Add `config.json` to Library of secure files in the Azure DevOps project. Select on the Pipelines icon on the left, then Library. In your library go to *Secure files* and *+ Secure File*. Upload the `config.json` file and make sure to allow all pipelines to use it.
#### Add Service Connections to your DevOps project
Next, we configure the project such that the release pipeline has access to the code in github repo, to your AzureML Workspace, and to the Azure Container Registry (for Docker images).
Go to the settings of your project, `Service Connections` and click on `New Service Connection`.
- Create one Service Connection of type `GitHub`.

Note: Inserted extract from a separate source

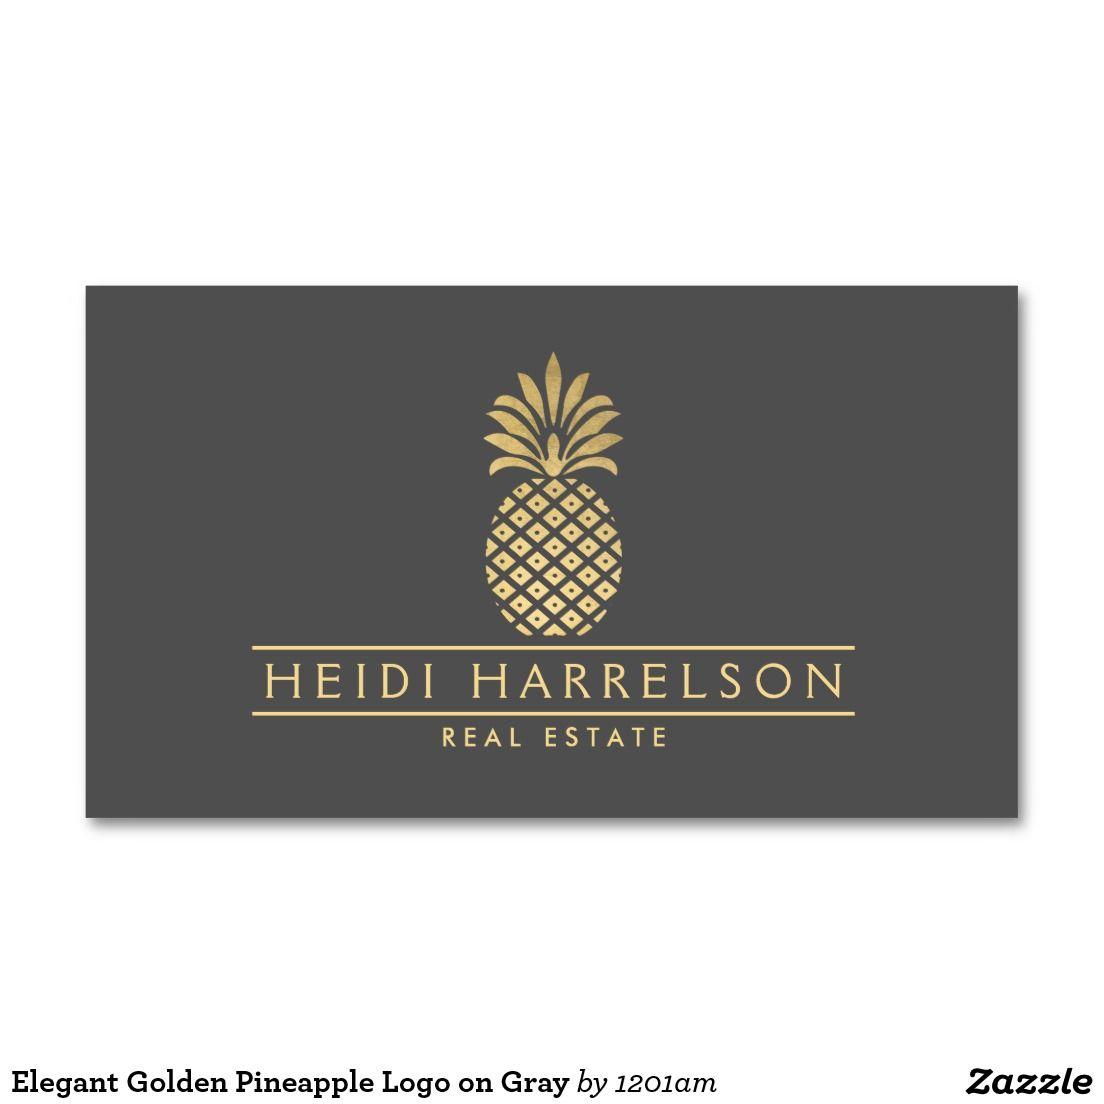 Elegant golden pineapple logo on gray business card airbnb host elegant golden pineapple logo on gray business cards for real estate agent interior designer hospitality airbnb hosts and more colourmoves

- Create one of type `Azure Resource Manager`. Select scope level as Machine Learning Workspace and use the same credentials from above.
#### Install MLOps extension for Azure DevOps
You can install the MLOps extension from here: [https://marketplace.visualstudio.com/items?itemName=ms-air-aiagility.vss-services-azureml](https://marketplace.visualstudio.com/items?itemName=ms-air-aiagility.vss-services-azureml). This will allow you to connect your TinyYOLO model to your pipeline.
### Create Release Pipeline
Now we can build the Release pipeline for the project by selecting __Releases__ under _Pipelines_ then __New Pipeline__ in the Azure DevOps project. Select the template for the stage as _Empty job_.
__Connect Artifacts__
First, add the artifacts. Our pipeline is connected to two `Artifacts`.
* [This](https://github.com/Azure-Samples/onnxruntime-iot-edge) GitHub repository and,
* Your Model Registry from the AzureML Workspace. Click on the drop down and select service principal you created.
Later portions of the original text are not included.